I monitor my blood pressure and sugar and cholesterol both at doctors and at home and these are all fine. Bp 128/79 chol 4.8 sugar 5.

Is it normal to feel a low before a things pick up again.
I, m 6ft 2 and 16.5-17st

Phill


----------



## raynipper (Aug 4, 2008)

Yeah, it's the £28 per month. It will wear off when it's on a DD and you don't see how much money your wasting.

Ray.


----------



## bigcats30 (Aug 13, 2012)

Yes

Just have a look at your diet and ensure you have enough carbs if you are just doing running etc (cardio)......carbs give you energy and protein repair muscle!!

try having a banana after you have just finished to help get some slow carbs.

You will probably get a cold as well soon as your body adjusts to it......it WILL change and before you know it you will start to feel the positive effects.


----------



## Zebedee (Oct 3, 2007)

I bet you have been going at it like a geriatric teenager Phill! :lol:

Take it very easy at first and build up slowly and gradually. Going from a self-confessed idle dollop _(well - that's more or less what you said! :lol: )_ to minor athlete level just doesn't happen overnight.

I had about four months of doing very little when the knee went wonky, and eight months later I'm still trying to get back to where I was before. If you lose muscle tone it's a long, slow and uncomfortable process to get it back . . . and if you didn't have it in the first place!!!! 8O

BUT - if you don't enjoy going to the gym after giving it a decent trial, it might be an idea to find some other way of getting exercise. If it's a real chore and you dislike doing it - you won't stick at it.

Give it time - you will get there. :wink:

Dave


----------



## wug (May 19, 2011)

Walking is the best exercise and is virtually free and can be done anywhere. Just get a set of decent waterproofs so you can do it all year round. A dog is a great incentive for getting out. For flexibility try yoga - you'll probably be the only man, but I've found it helps. Cycling is also good, but you need to put in a lot of effort for a real benefit because the bike is a very efficient machine.

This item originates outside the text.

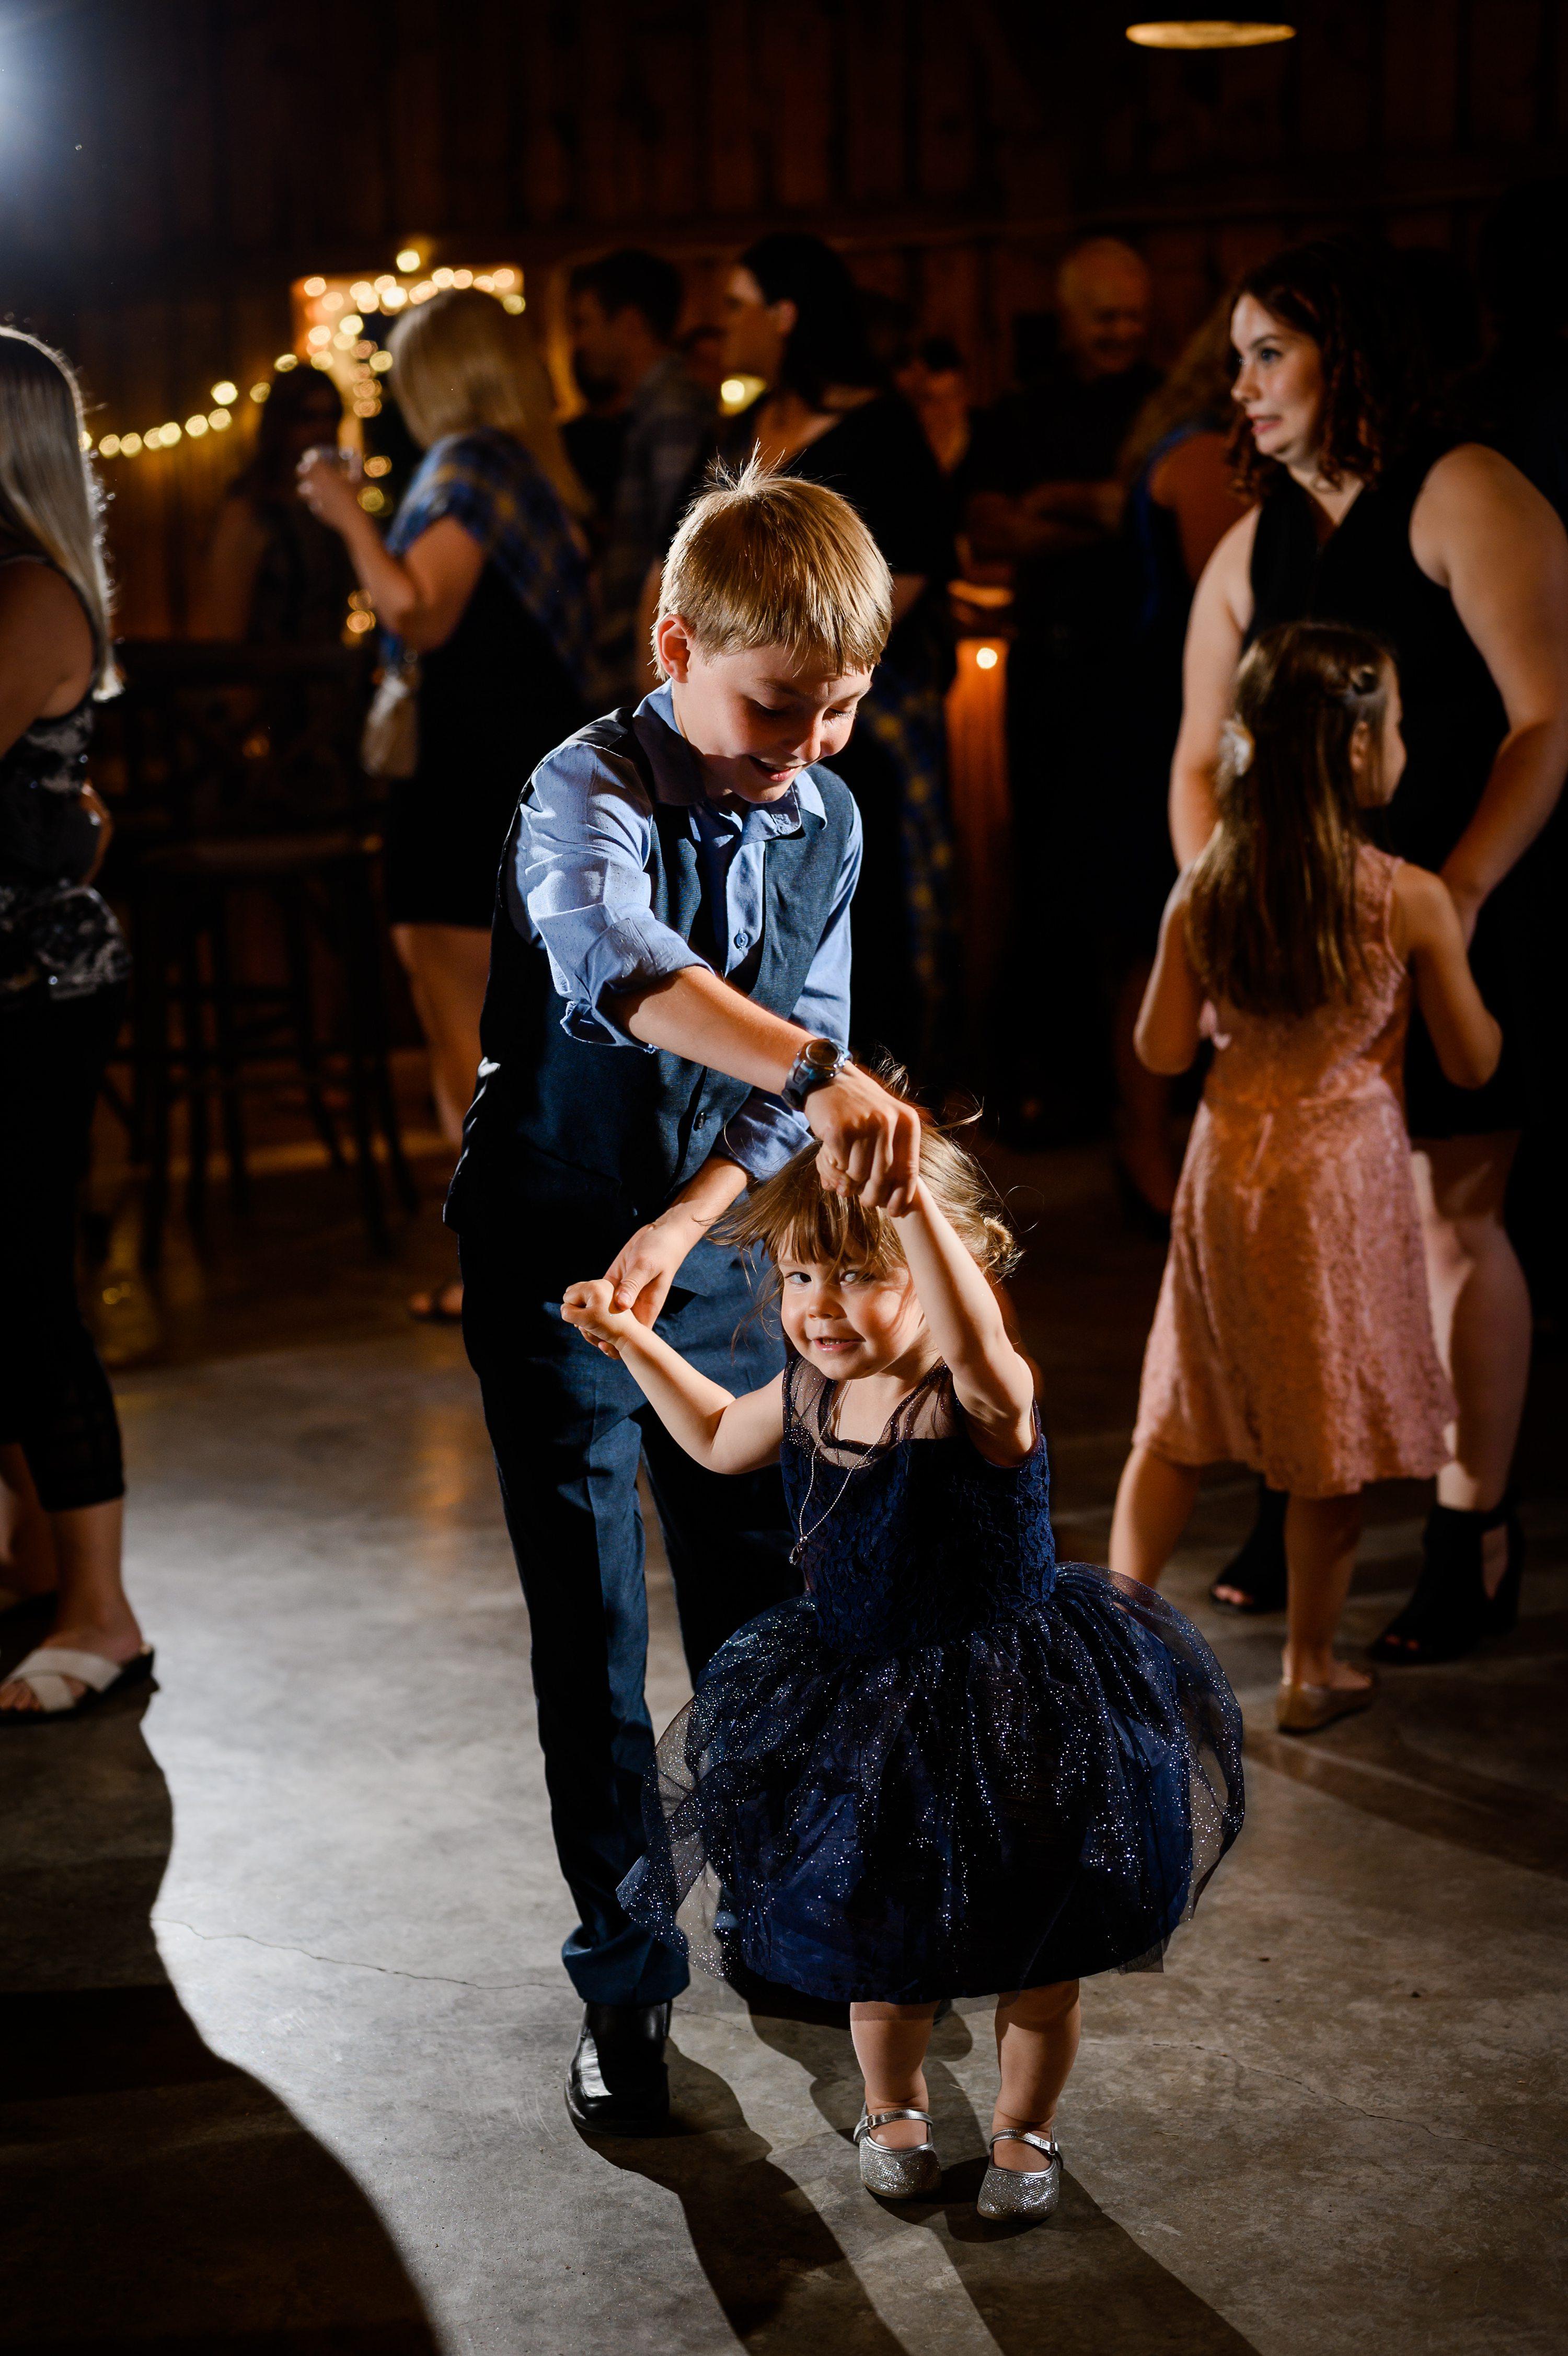 scottish wedding, kilt

The key is to get into a routine and do it regularly. Binge exercising is useless.

Look at your diet and have a look in the mirror at your body shape - weight around the middle needs to be shifted. Don't bother with silly dieting schemes, (although Weight Watchers can help a lot of people) it's all about the balance between portion control and activity. Ditch the sugary drinks and foods (you'd be amazed at how much sugar and fat are added to convenience foods and even bread) and go easy on the alcohol.


----------



## davesport (Nov 12, 2006)

Good for you in getting to the gym.

I'm 51 & hit the gym & exercise regularly. My advice would be to get/pay for someone qualified to give you an exercise program. If this is new to you it is going to take a long time for your body to adjust to the new stresses your placing upon it. Start gently, eat a quality diet loaded with fresh ingredients & take plenty of rest. You'll get used feeling knackered after a bit. It's you're body's way of saying "no more please" I'd rather be watching the telly  Loss of muscle mass as we get older isn't inevitable & the only way to prevent it is to do resistance based exercise.

Good luck 

 

D.


----------



## fatbuddha (Aug 7, 2006)

start slowly and build up slowly - you're probably overdoing it due to enthusiasm

if the gym has some trainers on-site, discuss the matter with them and ask for a personal program for yourself. this has to fit what you are trying to achieve and account from what your baseline is.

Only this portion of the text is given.